An Introduction to Kong – 孔子简介

最后修改: 2018年 1月 25日

中文/混合/英文(键盘快捷键:t)

1. Introduction

1.介绍

Kong is an open-source API gateway and microservice management layer.

Kong是一个开源的API网关和微服务管理层。

Based on Nginx and the lua-nginx-module (specifically OpenResty), Kong’s pluggable architecture makes it flexible and powerful.

基于Nginx和lua-nginx-module(特别是OpenResty),Kong的可插拔架构使其灵活且功能强大。

2. Key Concepts

2.关键概念

Before we dive into code samples, let’s take a look at the key concepts in Kong:

在我们深入研究代码样本之前,让我们看看Kong的关键概念。

  • API Object – wraps properties of any HTTP(s) endpoint that accomplishes a specific task or delivers some service. Configurations include HTTP methods, endpoint URIs, upstream URL which points to our API servers and will be used for proxying requests, maximum retires, rate limits, timeouts, etc.
  • Consumer Object – wraps properties of anyone using our API endpoints. It will be used for tracking, access control and more
  • Upstream Object – describes how incoming requests will be proxied or load balanced, represented by a virtual hostname
  • Target Object – represents the services are implemented and served, identified by a hostname (or an IP address) and a port. Note that targets of every upstream can only be added or disabled. A history of target changes is maintained by the upstream
  • Plugin Object – pluggable features to enrich functionalities of our application during the request and response lifecycle. For example, API authentication and rate limiting features can be added by enabling relevant plugins. Kong provides very powerful plugins in its plugins gallery
  • Admin API – RESTful API endpoints used to manage Kong configurations, endpoints, consumers, plugins, and so on

The picture below depicts how Kong differs from a legacy architecture, which could help us understand why it introduced these concepts:

下图描述了Kong与传统架构的不同之处,这可以帮助我们理解为什么它引入了这些概念。

Client - Kong
(source: https://getkong.org/)

客户端-金刚
(来源:https://getkong.org/)

3. Setup

3.设置

The official documentation provides detailed instructions for various environments.

官方文档为各种环境提供了详细的说明

4. API Management

4.API管理

After setting up Kong locally, let’s take a bite of Kong’s powerful features by proxying our simple stock query endpoint:

在本地设置好Kong后,让我们通过代理我们的简单股票查询端点来尝尝Kong的强大功能。

@RestController
@RequestMapping("/stock")
public class QueryController {

    @GetMapping("/{code}")
    public String getStockPrice(@PathVariable String code){
        return "BTC".equalsIgnoreCase(code) ? "10000" : "0";
    }
}

4.1. Adding an API

4.1.添加一个API

Next, let’s add our query API into Kong.

接下来,让我们把我们的查询API添加到Kong中。

The admin APIs is accessible via http://localhost:8001, so all our API management operations will be done with this base URI:

管理API可以通过http://localhost:8001访问,所以我们所有的API管理操作都将通过这个基础URI完成。

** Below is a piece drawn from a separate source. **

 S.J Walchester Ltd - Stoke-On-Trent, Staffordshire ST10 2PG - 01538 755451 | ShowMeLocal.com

APIObject stockAPI = new APIObject(
  "stock-api", "stock.api", "http://localhost:8080", "/");
HttpEntity<APIObject> apiEntity = new HttpEntity<>(stockAPI);
ResponseEntity<String> addAPIResp = restTemplate.postForEntity(
  "http://localhost:8001/apis", apiEntity, String.class);

assertEquals(HttpStatus.CREATED, addAPIResp.getStatusCode());

Here, we added an API with the following configuration:

在这里,我们添加了一个API,配置如下。

{
    "name": "stock-api",
    "hosts": "stock.api",
    "upstream_url": "http://localhost:8080",
    "uris": "/"
}
  • “name” is an identifier for the API, used when manipulating its behaviour
  • “hosts” will be used to route incoming requests to given “upstream_url” by matching the “Host” header
  • Relative paths will be matched to the configured “uris”

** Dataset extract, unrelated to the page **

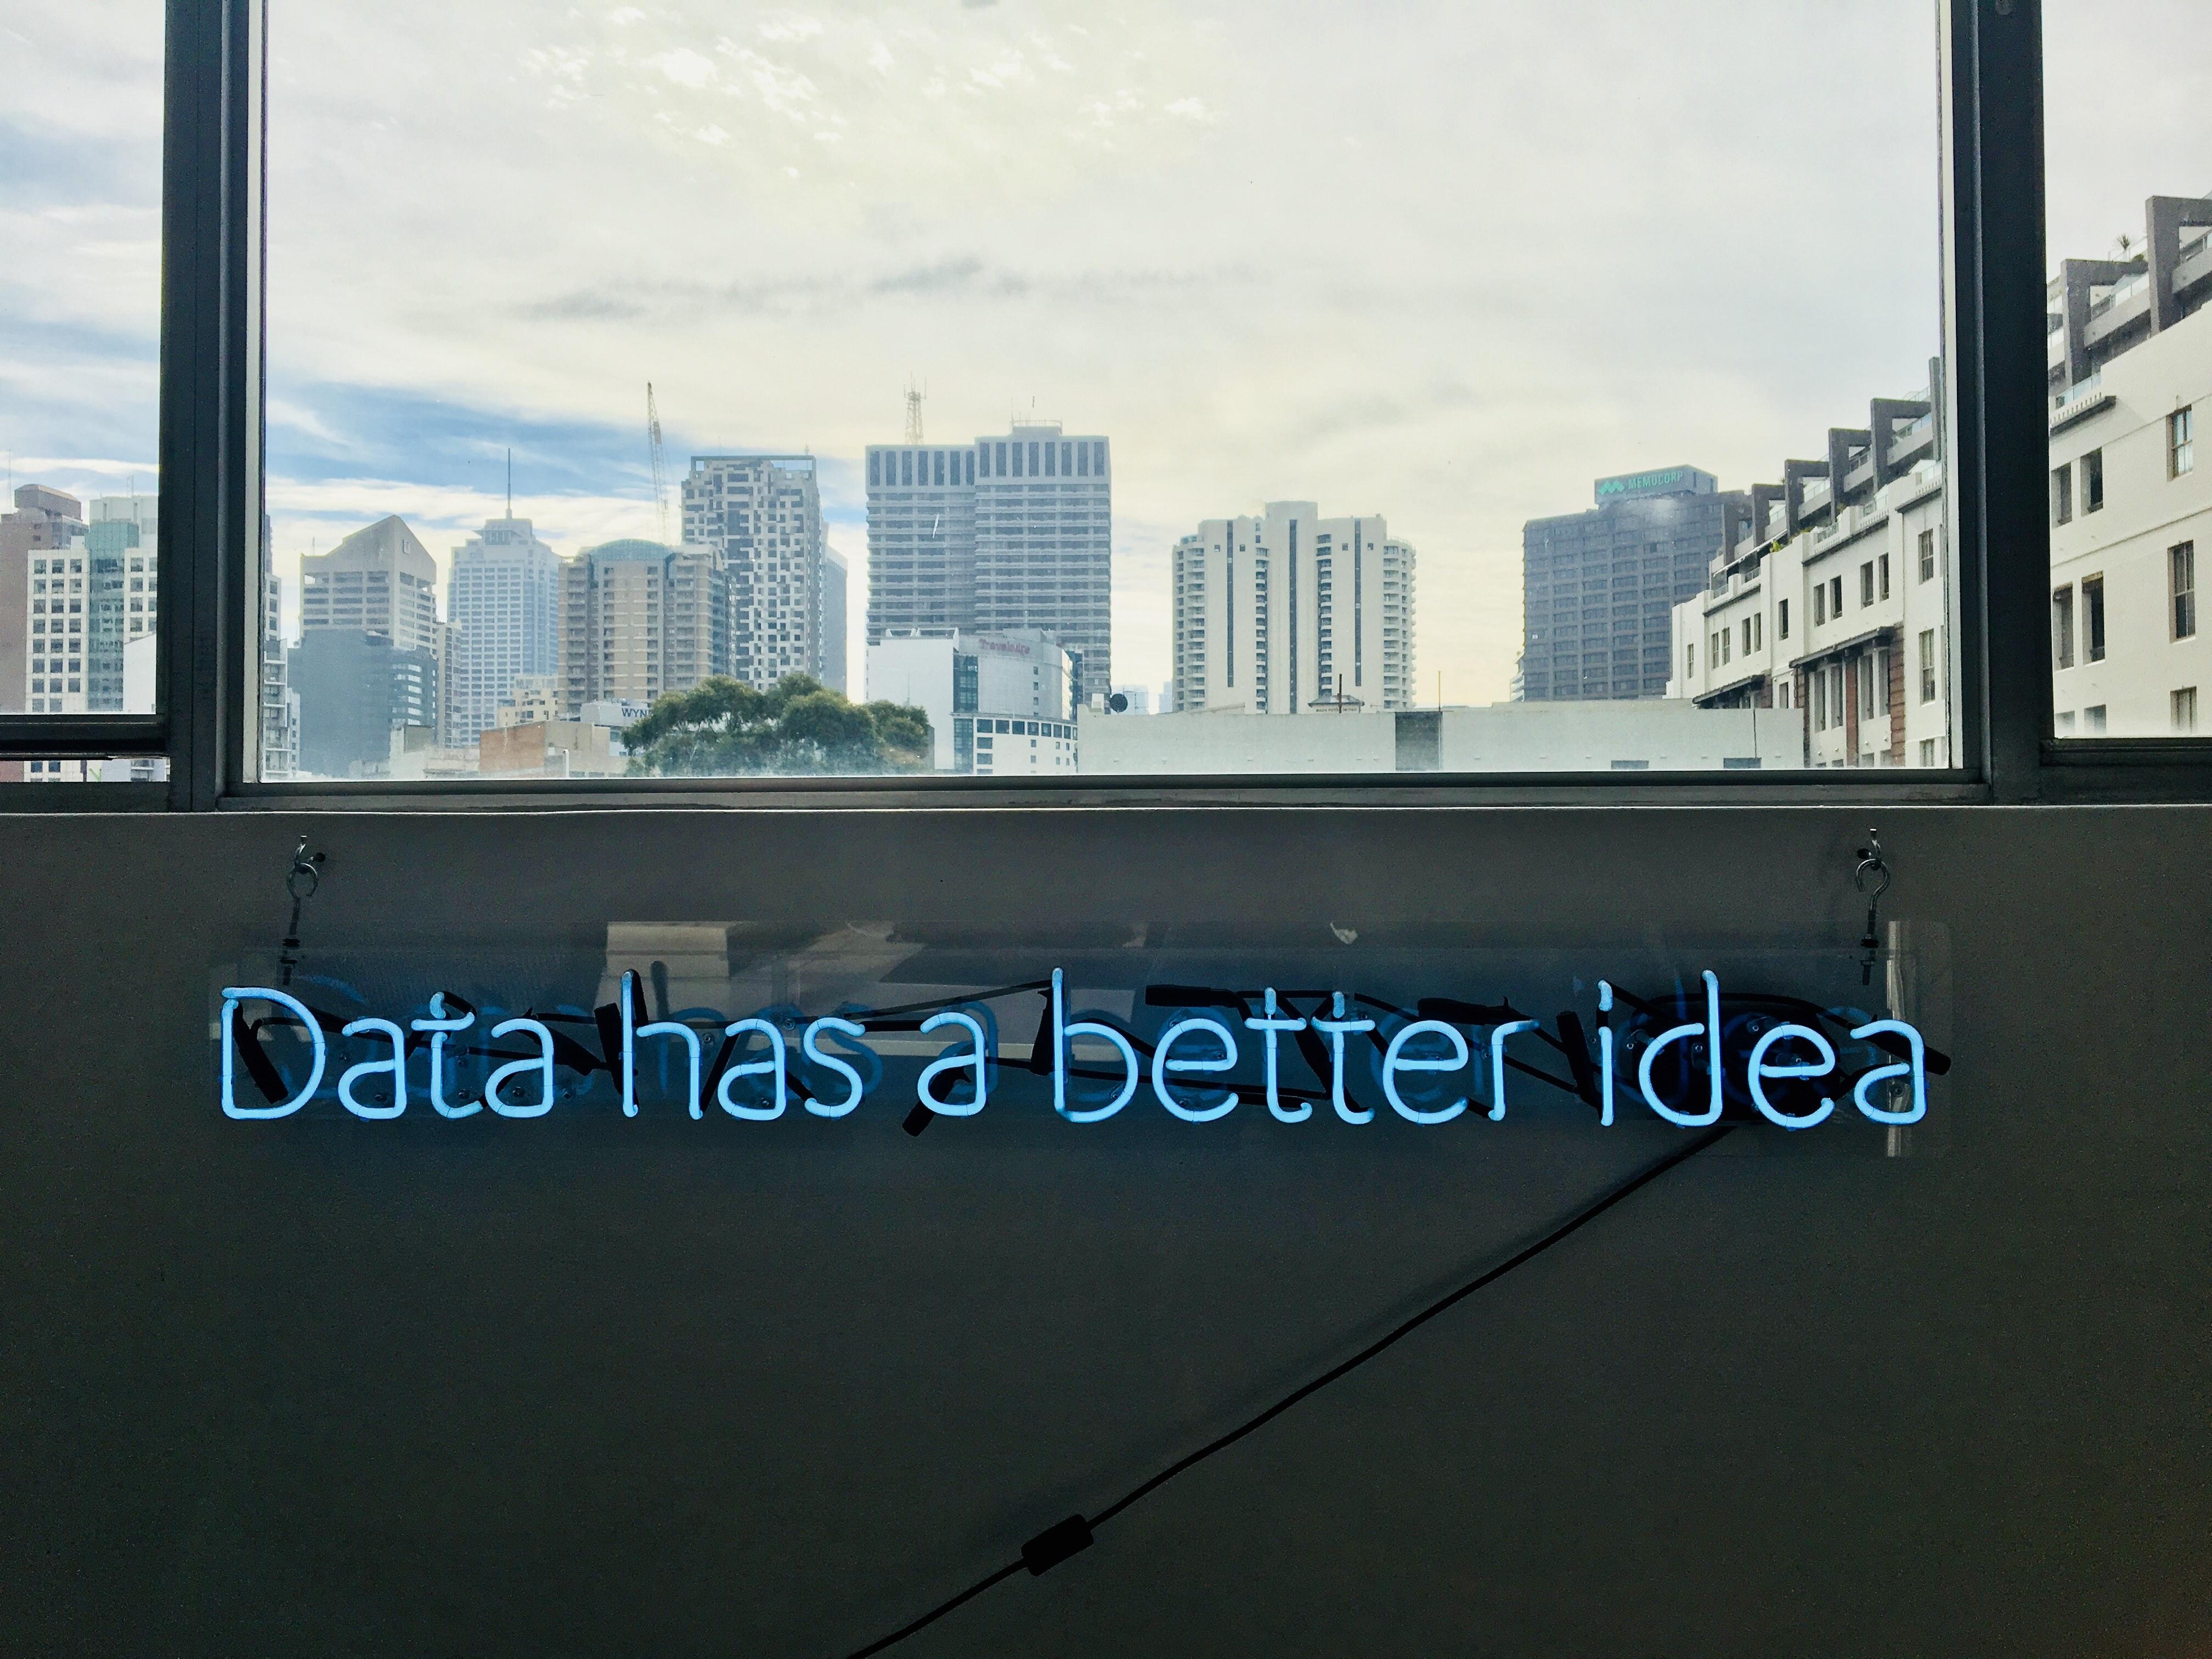 Neon sign reading data has a better idea

In case we want to deprecate an API or the configuration is wrong, we can simply remove it:

如果我们想废除一个API或者配置是错误的,我们可以简单地删除它。

restTemplate.delete("http://localhost:8001/apis/stock-api");

After APIs are added, they will be available for consumption through http://localhost:8000:

在添加API后,它们将通过http://localhost:8000提供给消费者。

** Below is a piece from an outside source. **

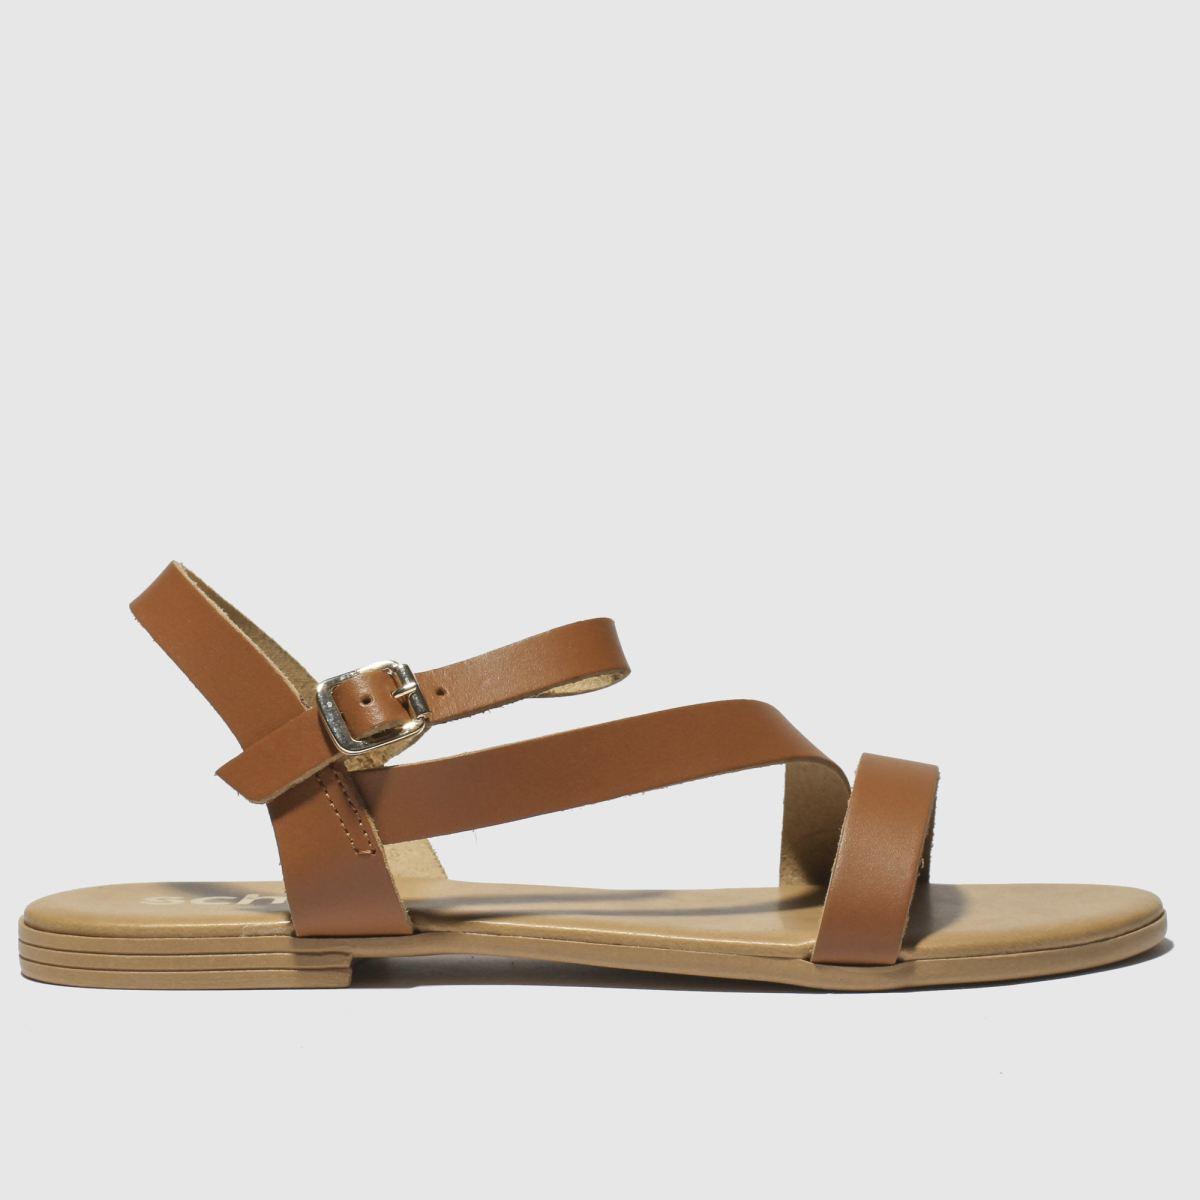 schuh Schuh Tan Sicily Sandals

String apiListResp = restTemplate.getForObject(
  "http://localhost:8001/apis/", String.class);
 
assertTrue(apiListResp.contains("stock-api"));

HttpHeaders headers = new HttpHeaders();
headers.set("Host", "stock.api");
RequestEntity<String> requestEntity = new RequestEntity<>(
  headers, HttpMethod.GET, new URI("http://localhost:8000/stock/btc"));
ResponseEntity<String> stockPriceResp 
  = restTemplate.exchange(requestEntity, String.class);

assertEquals("10000", stockPriceResp.getBody());

In the code sample above, we try to query stock price via the API we just added to Kong.

在上面的代码示例中,我们试图通过我们刚刚添加到Kong的API来查询股票价格。

By requesting http://localhost:8000/stock/btc, we get the same service as querying directly from http://localhost:8080/stock/btc.

通过请求http://localhost:8000/stock/btc,我们得到与直接从http://localhost:8080/stock/btc查询相同的服务。

4.2. Adding an API Consumer

4.2.添加一个API消费者

Let’s now talk about security – more specifically authentication for the users accessing our API.

现在让我们来谈谈安全问题–更确切地说,是访问我们的API的用户的认证。

Let’s add a consumer to our stock query API so that we can enable the authentication feature later.

让我们给我们的股票查询API添加一个消费者,这样我们以后就可以启用认证功能。

To add a consumer for an API is just as simple as adding an API. The consumer’s name (or id) is the only required field of all consumer’s properties:

为一个API添加一个消费者就像添加一个API一样简单。消费者的名字(或ID)是所有消费者属性中唯一需要的字段。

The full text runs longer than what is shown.